# Baby food ingredients



## Pandamom (May 23, 2014)

A lot of the organic based baby foods I'm seeing in stores have some small amount of lemon juice and/or ascerbic acid. Is this ok for a hedgie? It must be to preserve the food a bit but I'm hesitant to try them! What brands/flavours do you all find are yummiest?


----------



## sc2001 (Oct 12, 2014)

I'm not sure about the lemon juice question but hopefully someone else can help you with that one. But, my hedgie loves chicken baby food. I've also heard that hedgies go crazy over sweet potato baby food!
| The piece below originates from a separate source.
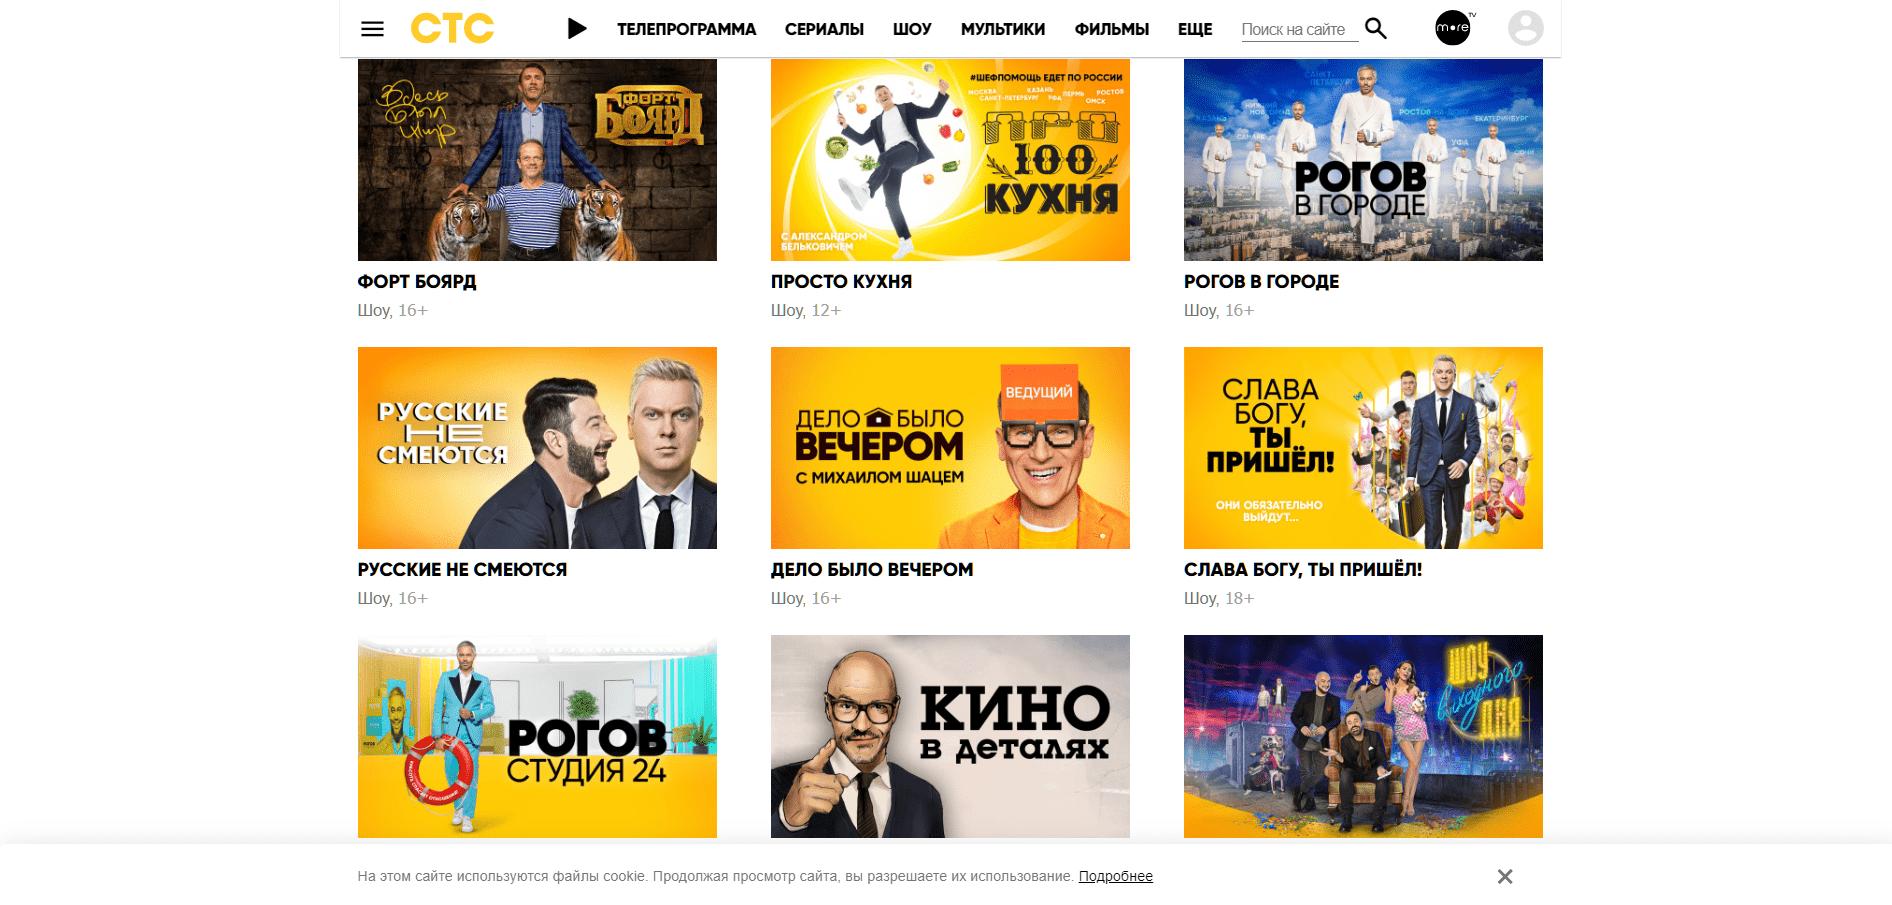 Пропал канал стс на телевизоре - что делать, ответы экспертов - Исправимо.ру

My hedgie has never tried it but im planning on buying it soon


----------



## HedgiePome (Mar 27, 2014)

I got Cookie a banana, apple, pear mix from Gerber because I know he loves bananas. He really likes it. Later on I plan on trying the chicken.

Dont know the answer to the other questions unfortuantely.


----------



## Prickerz (Sep 17, 2014)

Both ingredients are natural, I can't see why it would be a problem.

http://en.wikipedia.org/wiki/Ascorbic_acid


----------



## DesireeM81 (Jun 14, 2014)

I use the ones with lemon juice/ascorbic acid and my hedgies have been fine. I think the amount is so small it isn't a concern.


----------